As some of you may know, recovering from an operation and need to fill my time some how, so stared to clean up some of my detailing kit, and thought about a "PIMP My DA" Style thread to cheer me up with a write up if any of you need something to do just like me.

Hardness Scale 1 being the easiest and 10 being the hardest 10, I award this a 2.

Sadly no photo graphs of taking apart but just reverse the putting together and you will be fine.

Screw the collar to the DAS 6, 3 screws tighten



















Put the cast offset thingy on and screw tight while pressing the lock button on the back of DAS to lock the motor.




























Push the Barings with the nut attached, back into its hole and slip in the rubber grommet.



















Next put on the counter weight and tighten the two screws holding it in place



















now push on the rubber head cap of the DA and attach your handle if needed




























Now you're done stand back and admire your work.

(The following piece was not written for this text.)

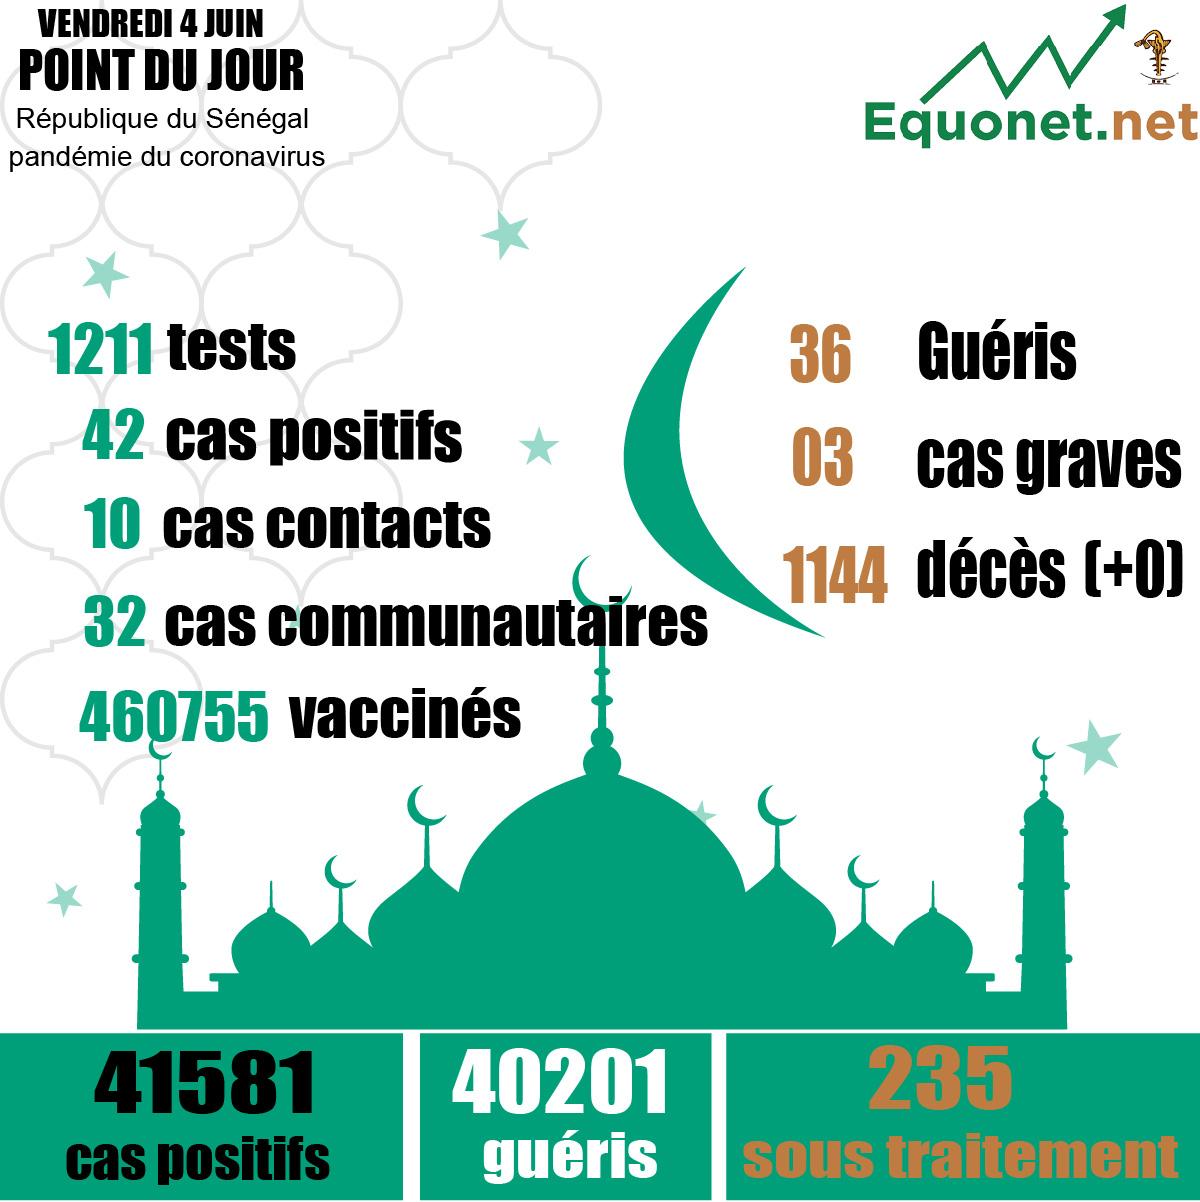 pandémie du coronavirus-covid-19 au sénégal : 32 cas communautaires et 00 décès enregistrés ce vendredi 04 juin 2021
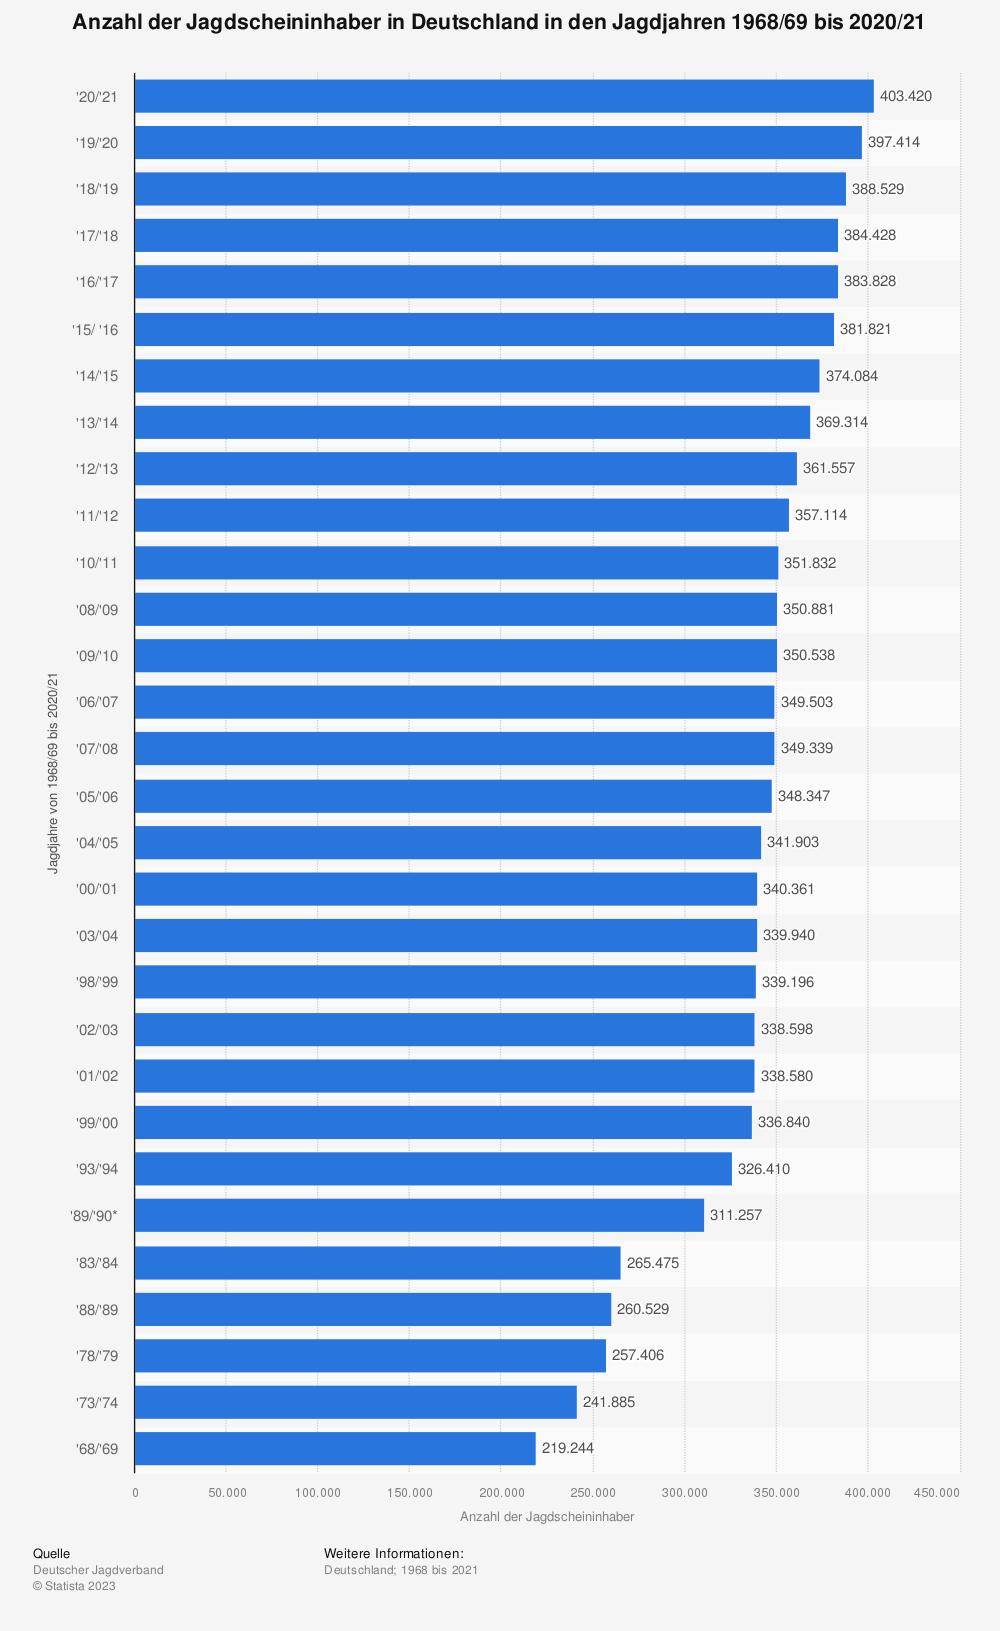 Statistik: Anzahl der Jagdscheininhaber in Deutschland in den Jagdjahren 1968/69 bis 2019/20 | Statista

For the collar spraying I just wet sanded the old yellow one and primered it twice with standard grey primer, and then gave it 3 light coatings of Subaru Impreza World Rally Blue Spray paint, (Rattle can), if I have some I would have ran over some clear lacquer. Then just waited for it to dry and reassembled.





































ALL DONE,,,,,....:thumb:

please note nor i or autobrite direct will take any responsibility for loss of equipment or life or limb, if you should so choose to do any of the above.























































Team AB

+any one else think the DA stripped back looks like a mini rotary? :thumb:


----------



## [email protected] (Dec 21, 2005)

Looking good mate, liking the blue! If your really that bored i can find some lovely work to do:lol:


----------



## [email protected] (Mar 5, 2007)

autobrite-direct said:


> Looking good mate, liking the blue! If your really that bored i can find some lovely work to do:lol:


thanks but im off ill, i do have Mrs Autobrite detailer to thank if im honest for some of the work.....:thumb:


----------



## [email protected] (Dec 21, 2005)

Autobrite Detailer said:


> thanks but im off ill, i do have Mrs Autobrite detailer to thank if im honest for some of the work.....:thumb:


lol, keeping you on ya toes buddy - take it easy:thumb:

Oh i have that lovely box for you here by the way


----------



## [email protected] (Mar 5, 2007)

autobrite-direct said:


> lol, keeping you on ya toes buddy - take it easy:thumb:
> *
> Oh i have that lovely box for you here by the way*










i can only hope...


----------



## [email protected] (Dec 21, 2005)

Autobrite Detailer said:


> i can only hope...


Oh yes - pure gold


----------



## The_Bouncer (Nov 24, 2010)

lol, what you like... :thumb:

Reckon you should 'sticker bomb' the rest of it.

Propa pimp style

:wave:

*EDIT* > I'll have one of those little golden boxes too please. ta


----------



## Ste T (Jul 17, 2008)

Love it.


----------



## Typhoon 180 (Oct 26, 2006)

I like it Ste, might do mine in the week


----------



## Ste T (Jul 17, 2008)

steves cleenz said:


> I like it Ste, might do mine in the week


but the week after you will change the colour, never known anyone colour change so much.. hehe


----------



## prokopas (Apr 29, 2010)

Nicely done


----------



## TubbyTwo (Apr 14, 2011)

Come on then, whos going to be the first to vinyl wrap their DA 

3M Di Noc anyone?


----------



## CraigQQ (Jan 20, 2011)

TubbyTwo said:


> Come on then, whos going to be the first to vinyl wrap their DA
> 
> 3M Di Noc anyone?


NICE idea lol..

im thinking of spraying my guard man utd red (well ford radiant red)
also have ford black, audi cornflour blue, acrylic black and chevvy bel air blue.

not sure on colour yet..

got some gloss black vinyl aswell.. but dont think it would stand up well to the use of the DA...


----------



## [email protected] (Mar 5, 2007)

CraigQQ said:


> NICE idea lol..
> 
> im thinking of spraying my guard man utd red (well ford radiant red)
> also have ford black, audi cornflour blue, acrylic black and chevvy bel air blue.
> ...


just go for it, i have added a few more bits blue was well, i will up load them now.


----------



## [email protected] (Mar 5, 2007)

i do not recommend the button, as its a pain in the @55 to get back on and working.


----------



## CraigQQ (Jan 20, 2011)

:lol: you have too much time on your hands..


----------



## [email protected] (Mar 5, 2007)

CraigQQ said:


> :lol: you have too much time on your hands..


im recovering.... :thumb:


----------



## m411mtf (Feb 10, 2008)

I like that. Might well try it on my old Silverline unit!


----------